#### What to work on:
Print out the full material below, exact in every line, with no images included.

#### Dataset section:
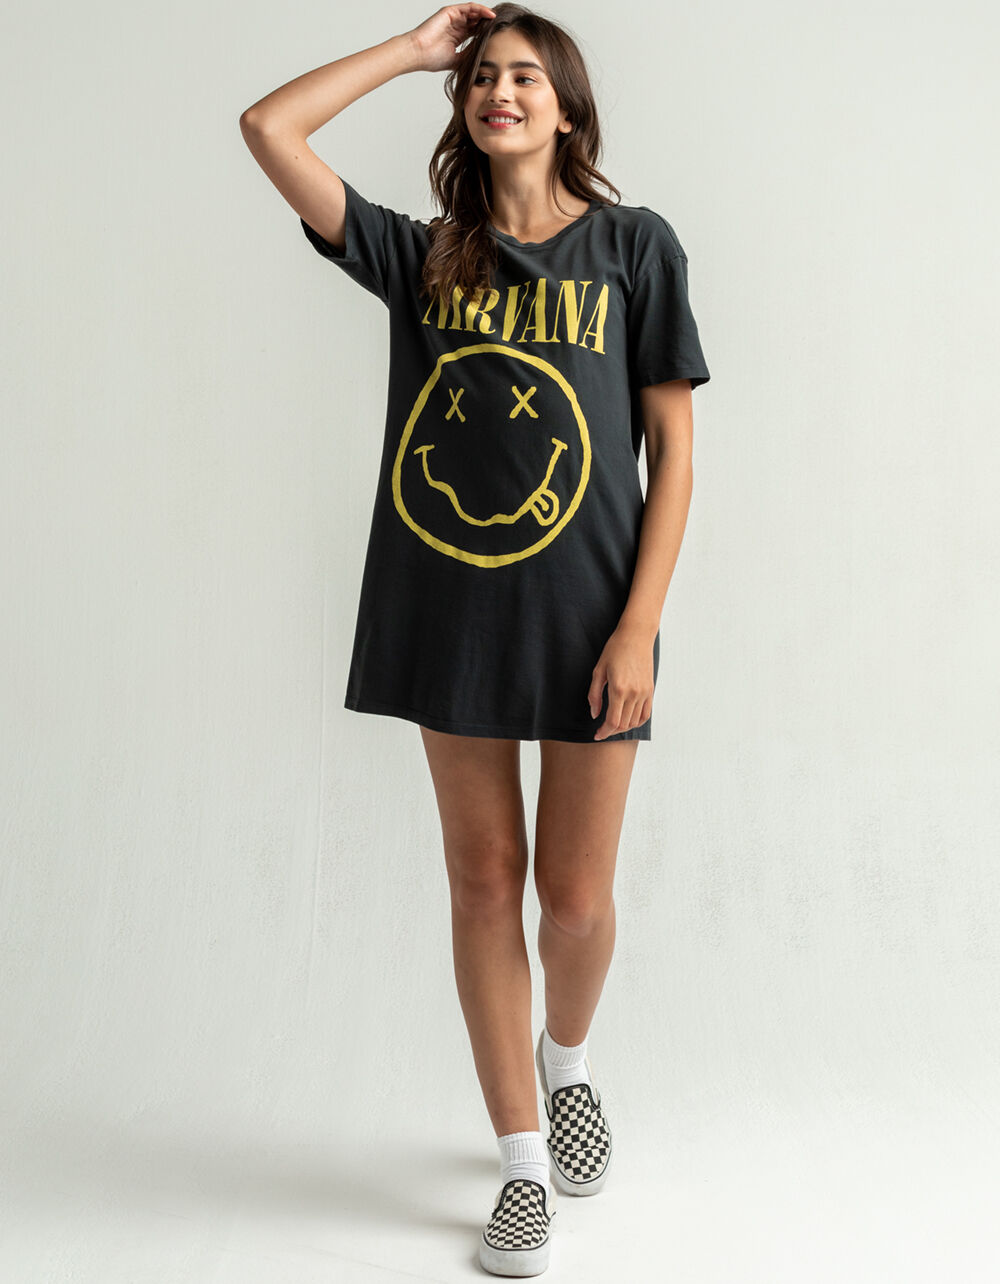 NIRVANA Smiley Womens T-Shirt Dress - BLACK | Tillys
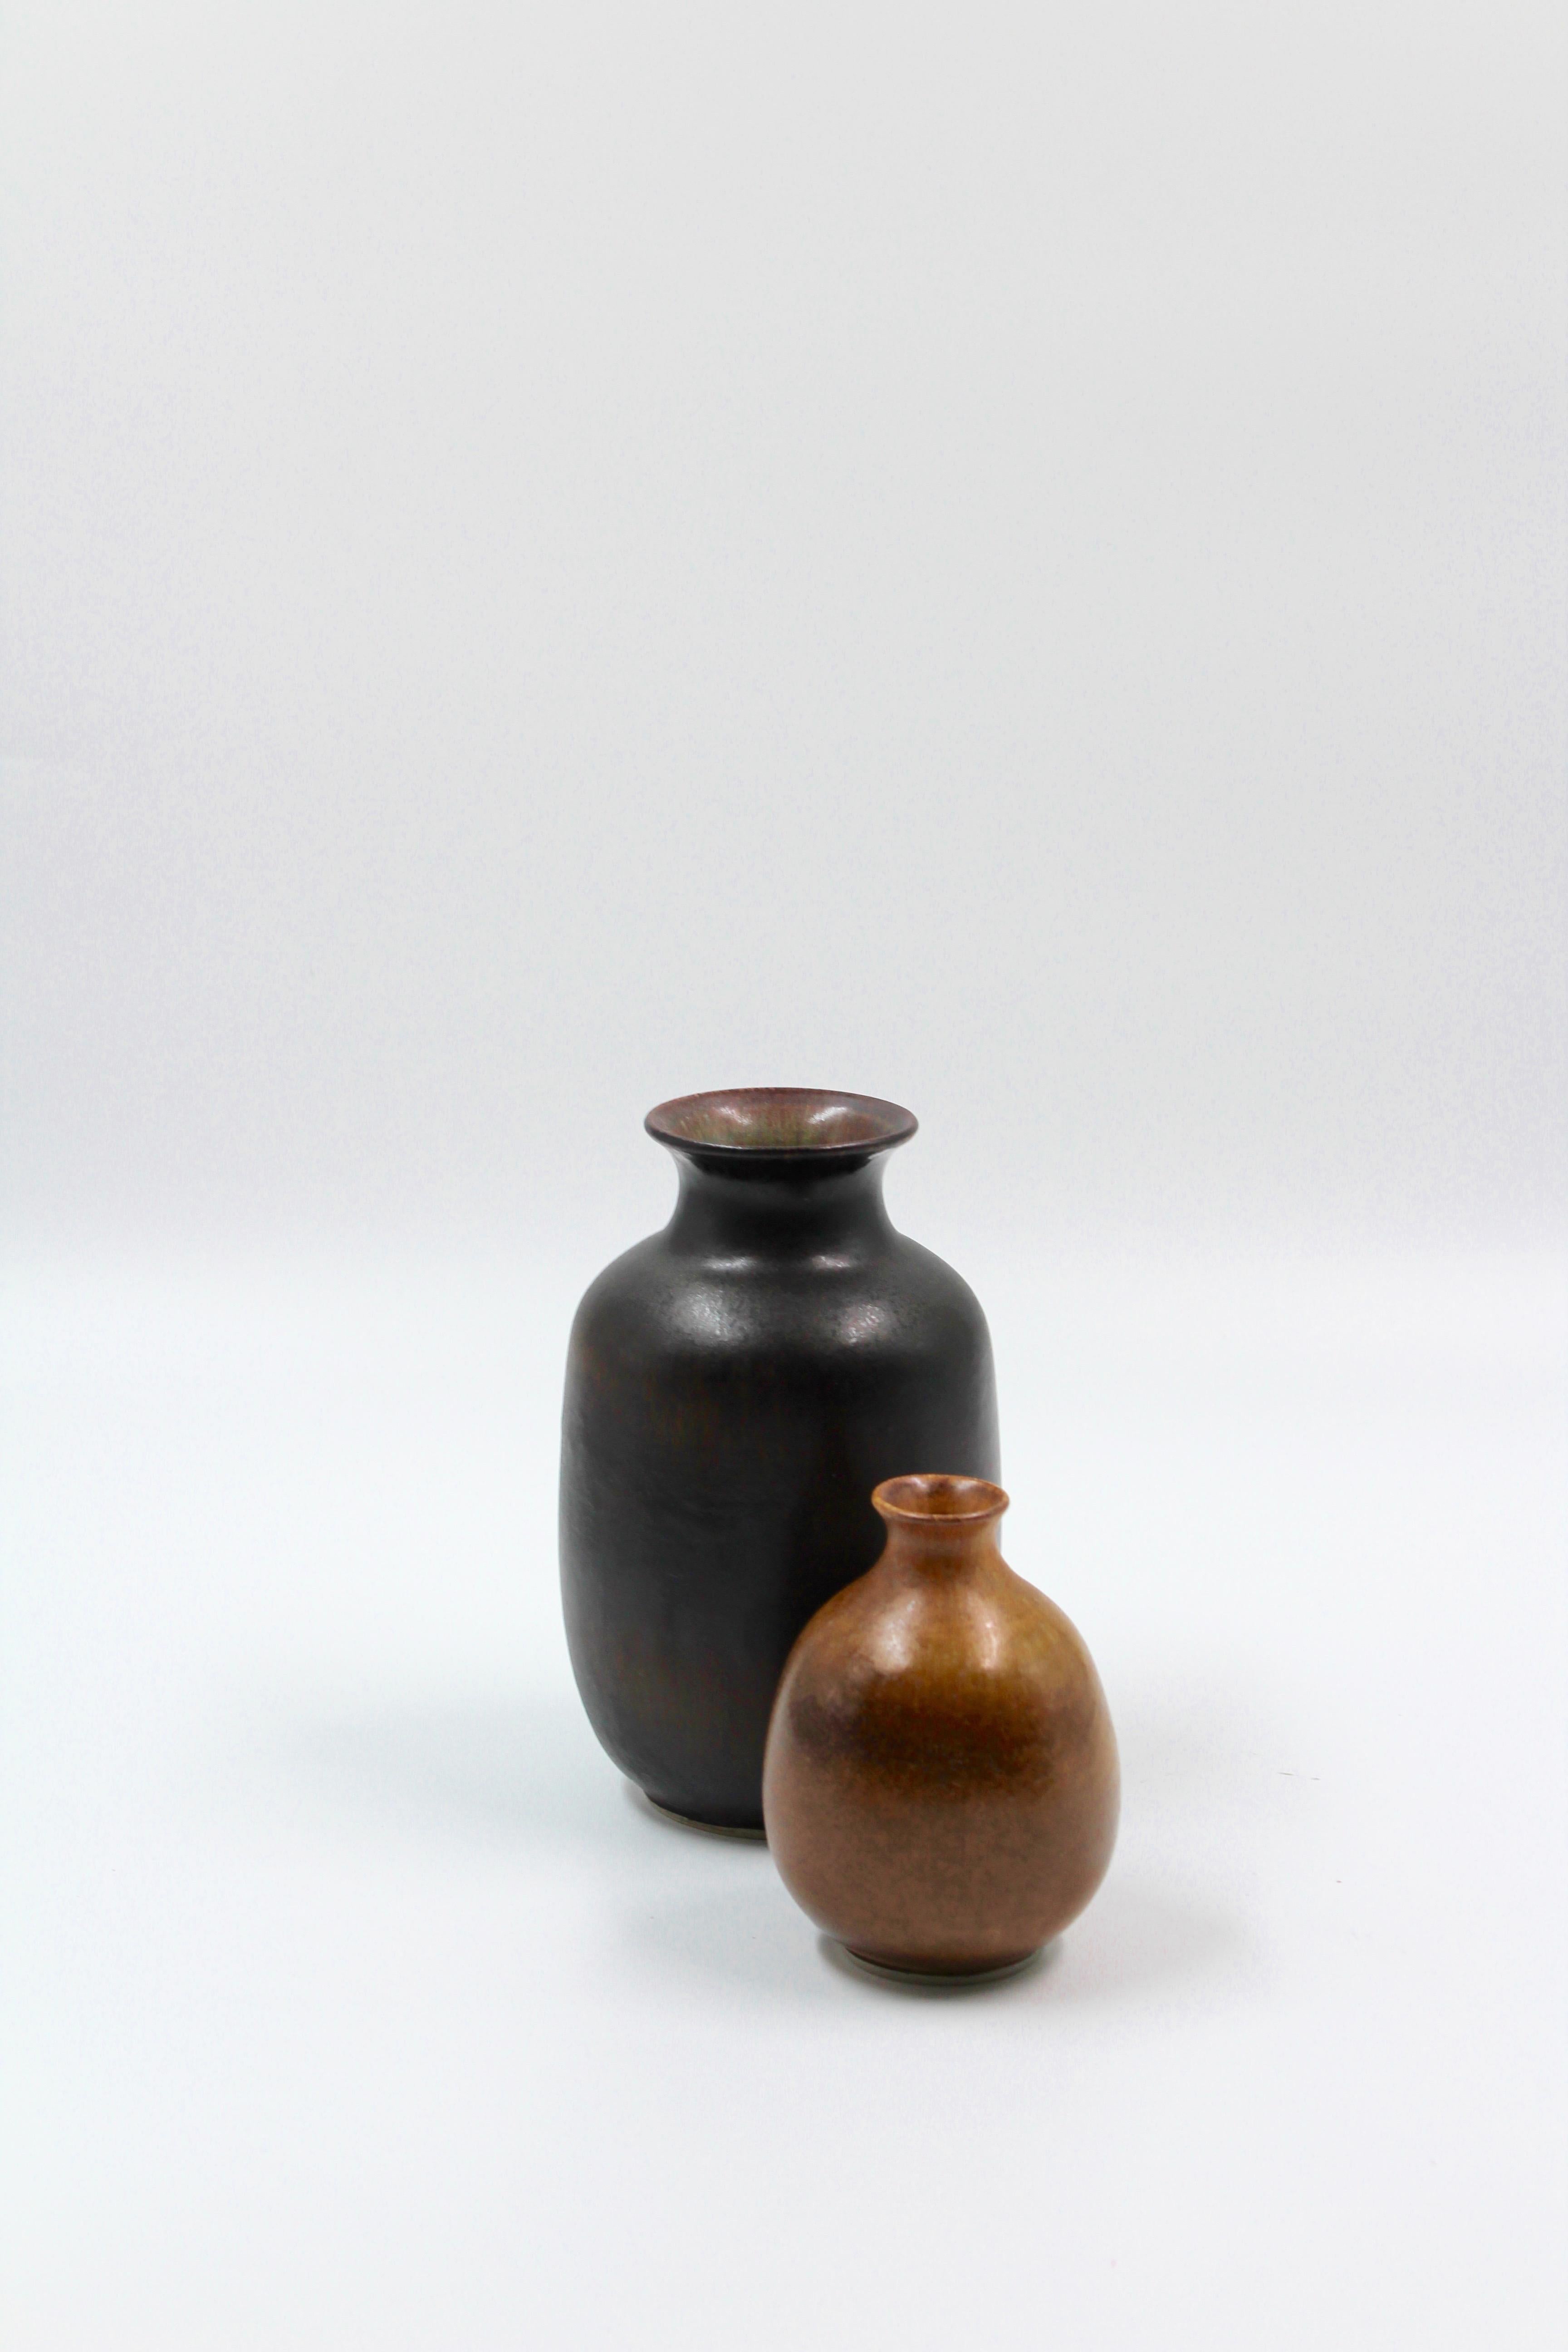 Midcentury Ceramic Vases by Egon Larsson, Höganäs Keramik, 1950s For Sale 2
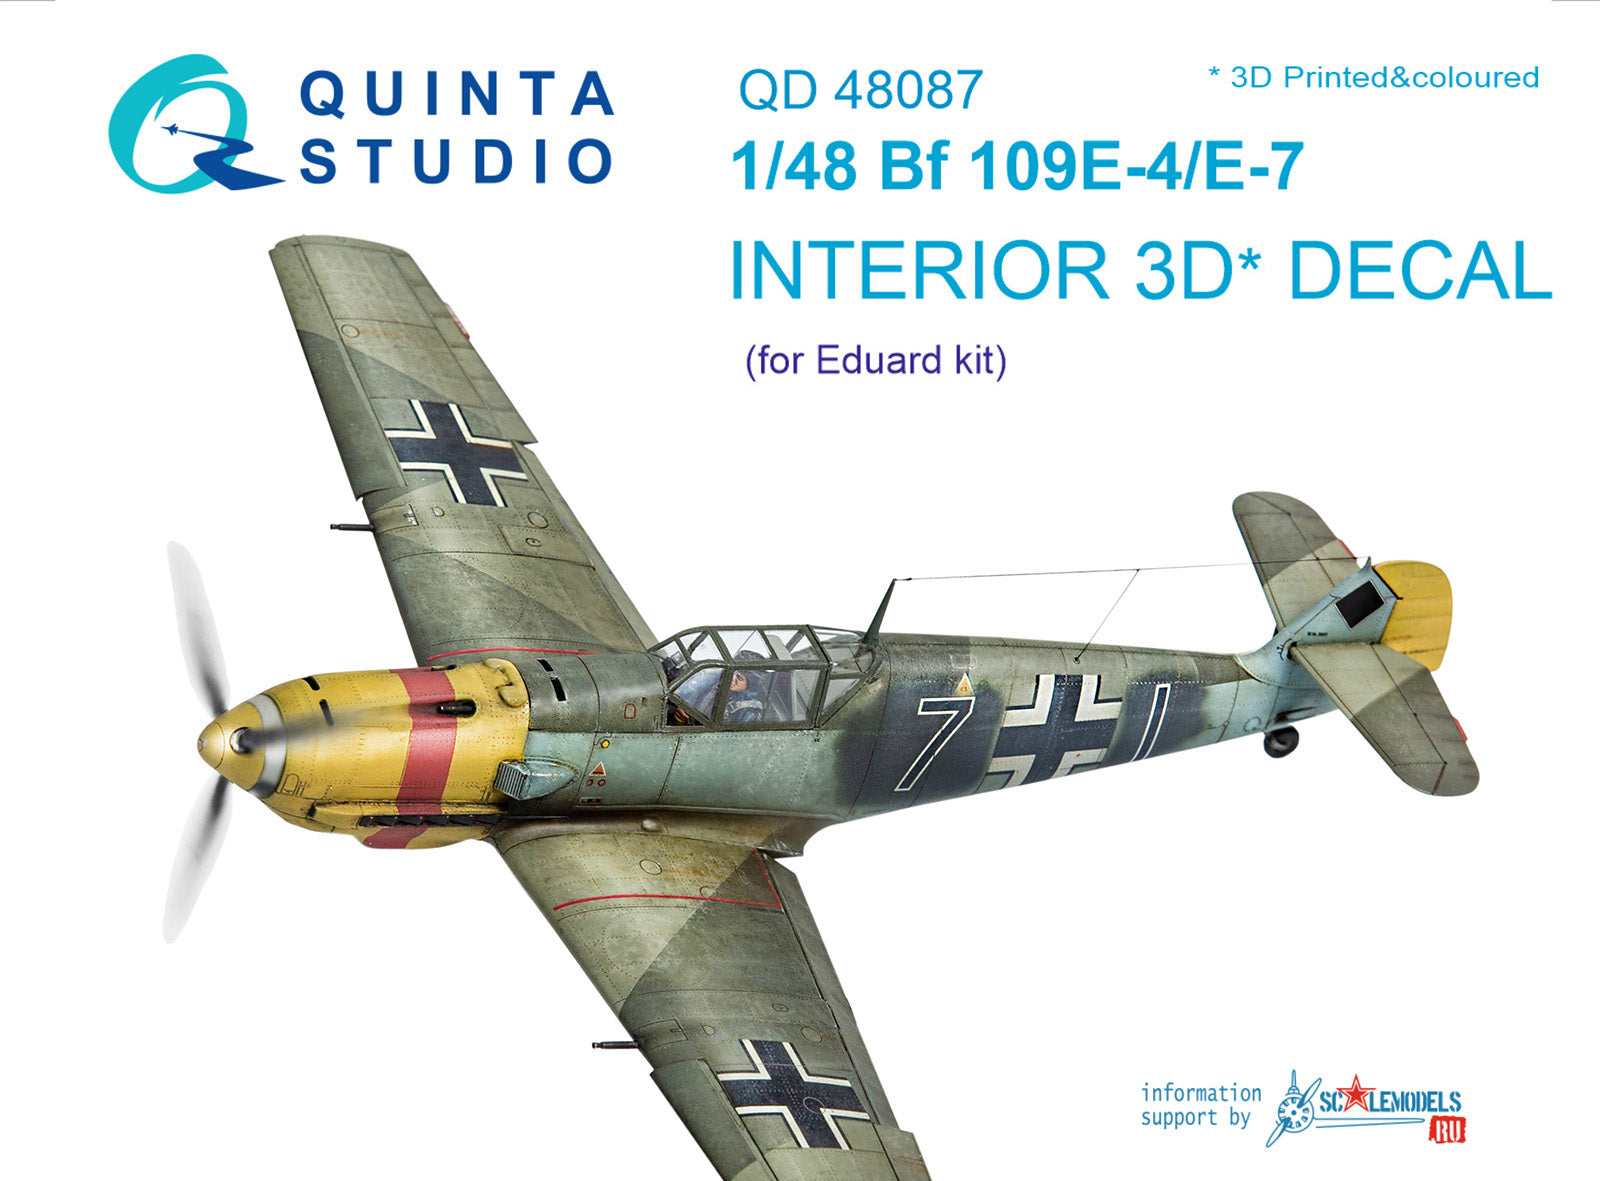 Quinta Studio - 1/48 Bf 109E4/E-7 - QD48087 for Eduard kit
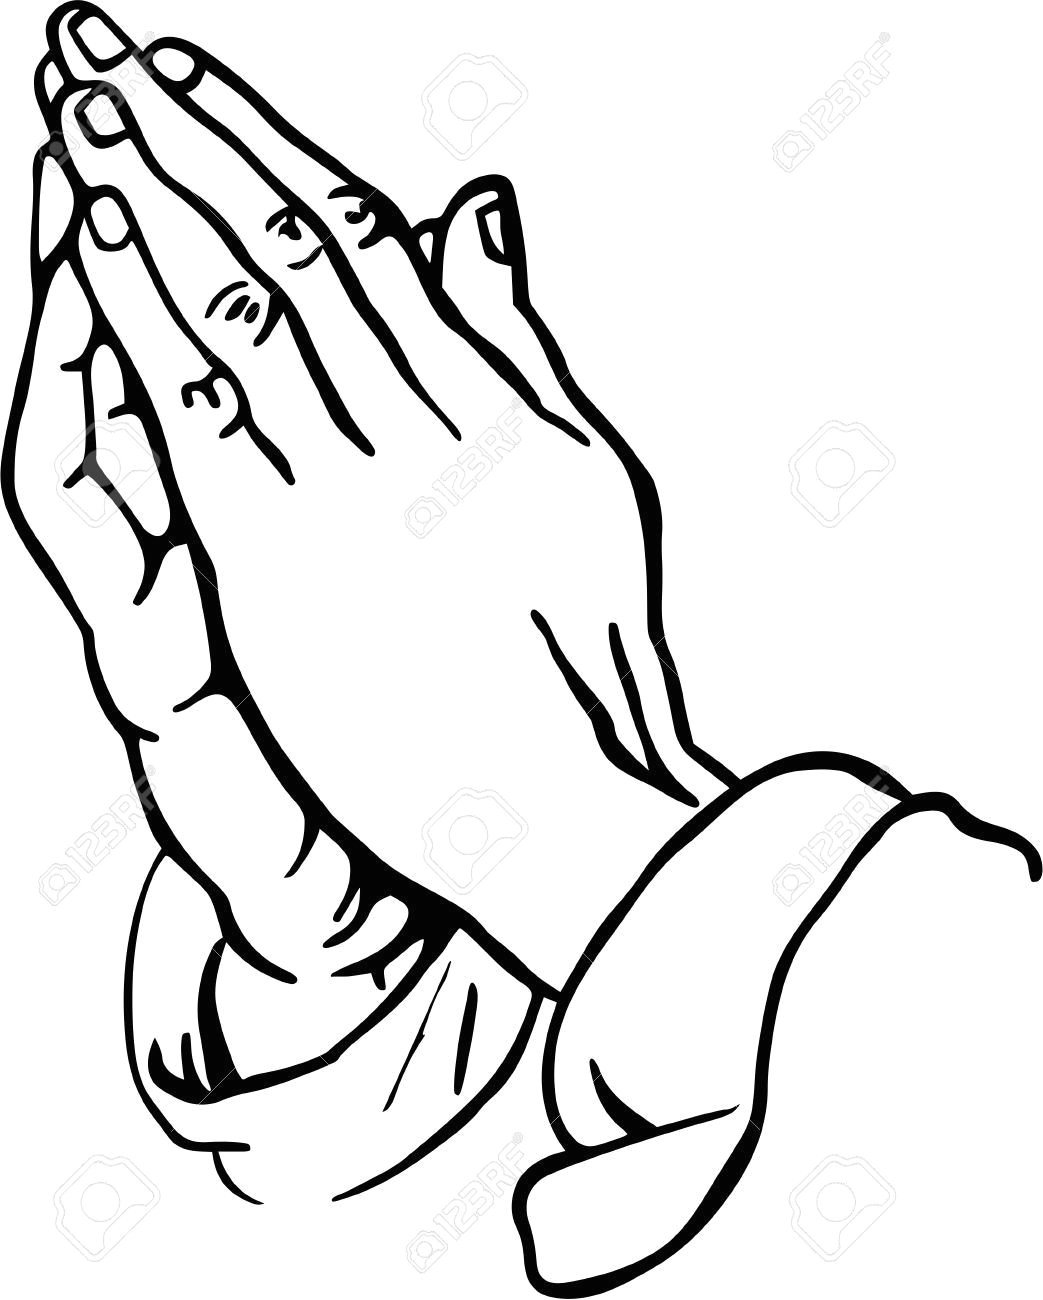 Drawing Of A Girl Praying Praying Hands Clipart Craft Ideas Pinterest Praying Hands

#### Solution to this problem:
 NIRVANA Smiley Womens T-Shirt Dress - BLACK | Tillys
 Midcentury Ceramic Vases by Egon Larsson, Höganäs Keramik, 1950s For Sale 2
 Quinta Studio - 1/48 Bf 109E4/E-7 - QD48087 for Eduard kit
 Drawing Of A Girl Praying Praying Hands Clipart Craft Ideas Pinterest Praying Hands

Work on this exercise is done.